In this article, we will examine how to program a heterogeneous processor architecture based on the proven method of the Remote Procedure Call (RPC). We will examine how this method addresses the concerns listed above. We also explain how the RPC introduces some pitfalls, and show how they may be avoided.
Remote Procedure Call basics
The first widespread usage of the Remote Procedure Call concept was in the UNIX operating system in the 1980s, though its usage dates back at least to the 1970s. Whereas a Local Procedure Call (LPC), also known as a function call or subroutine, is executed on the processor that issues the command, a Remote Procedure Call (RPC) is a command executed on a different processor.
In the terminology of the RPC, the command-issuing processor is known as the Client and the command-executing processor is known as the Server (see Figure 1). The Client sends the command and its parameters to the Server over a physical communications medium, possibly employing some kind of communications protocol or stack. We will refer to this physical medium and communications protocol as the Inter-Processor Communications (IPC) Layer. In the case of computers, this layer is typically a network. For embedded processors, there are many options for implementing this layer, such as a PCI bus, serial or parallel data port, or shared memory. Once the server completes execution of the command, it sends a message back through the IPC Layer to the Client, providing any return values of the procedure.

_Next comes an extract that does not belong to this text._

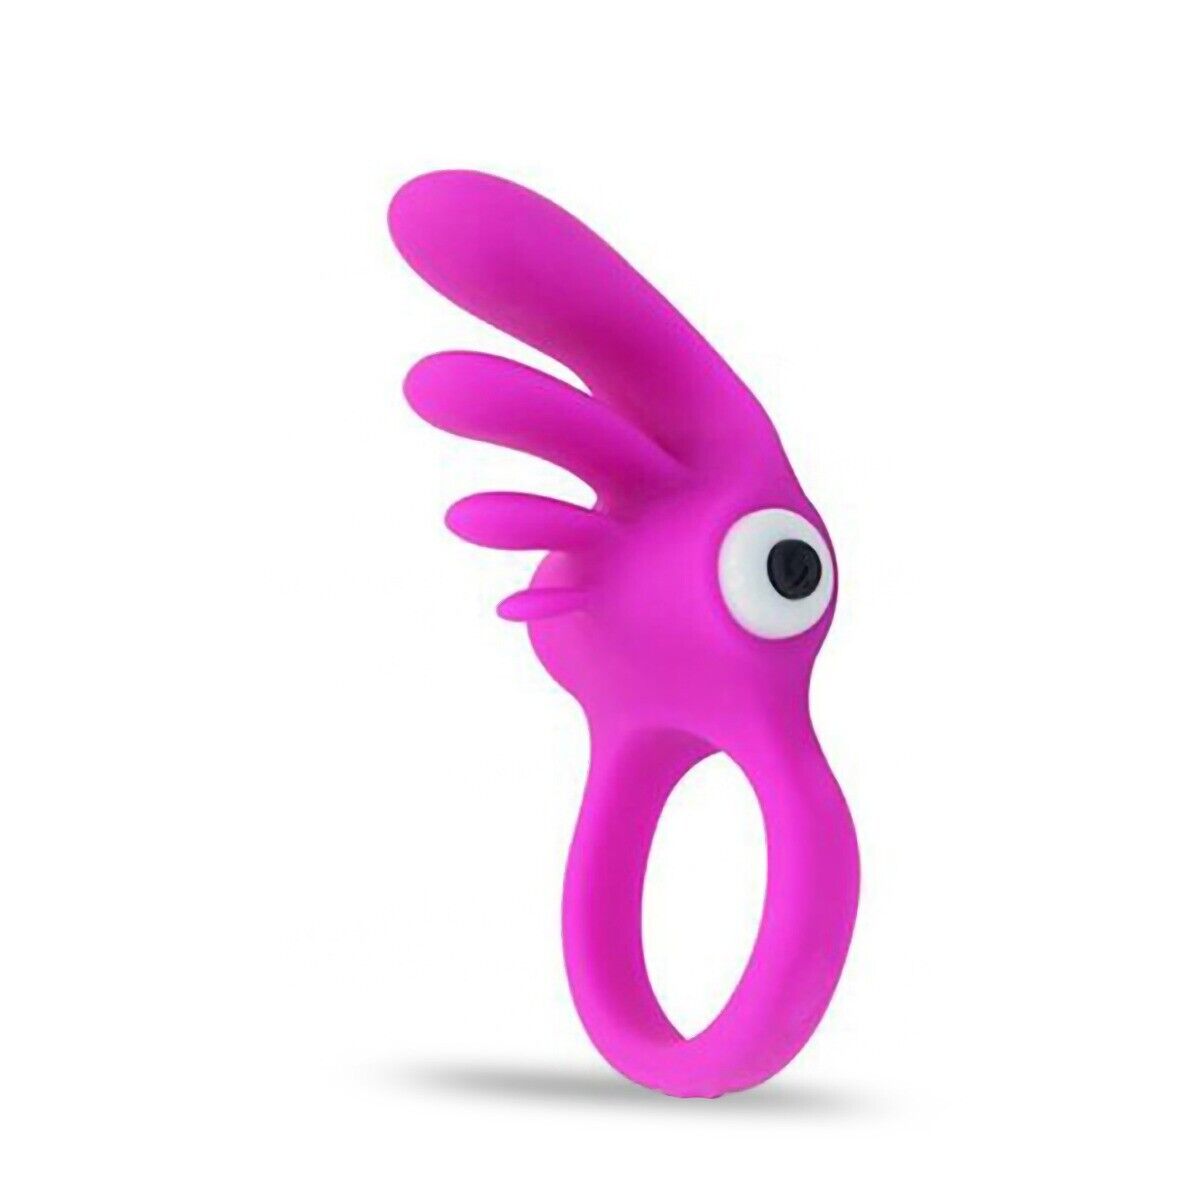 Silicone Vibrating Clit Stimulator Penis Enhancer Cock Ring Sex-toys for Couples

1. A simplified view of the RPC software layers.
The actual RPC mechanism is implemented through stub functions. There is a client stub function and a server stub function for every remote procedure. The application calls the client stub function just as it would make a local procedure call. However, instead of performing the requested function, the client stub packages the command and any needed parameters into a message and accesses the IPC layer to send the message. The IPC layer on the server device receives the message and passes it to the server stub. The server stub then unpacks the command and parameters from the message and makes the function call, acting as a remote proxy for the application. When the function returns, the server stub packages any return values into a return message which it sends via the IPC back to the client stub, which then returns the values to the application.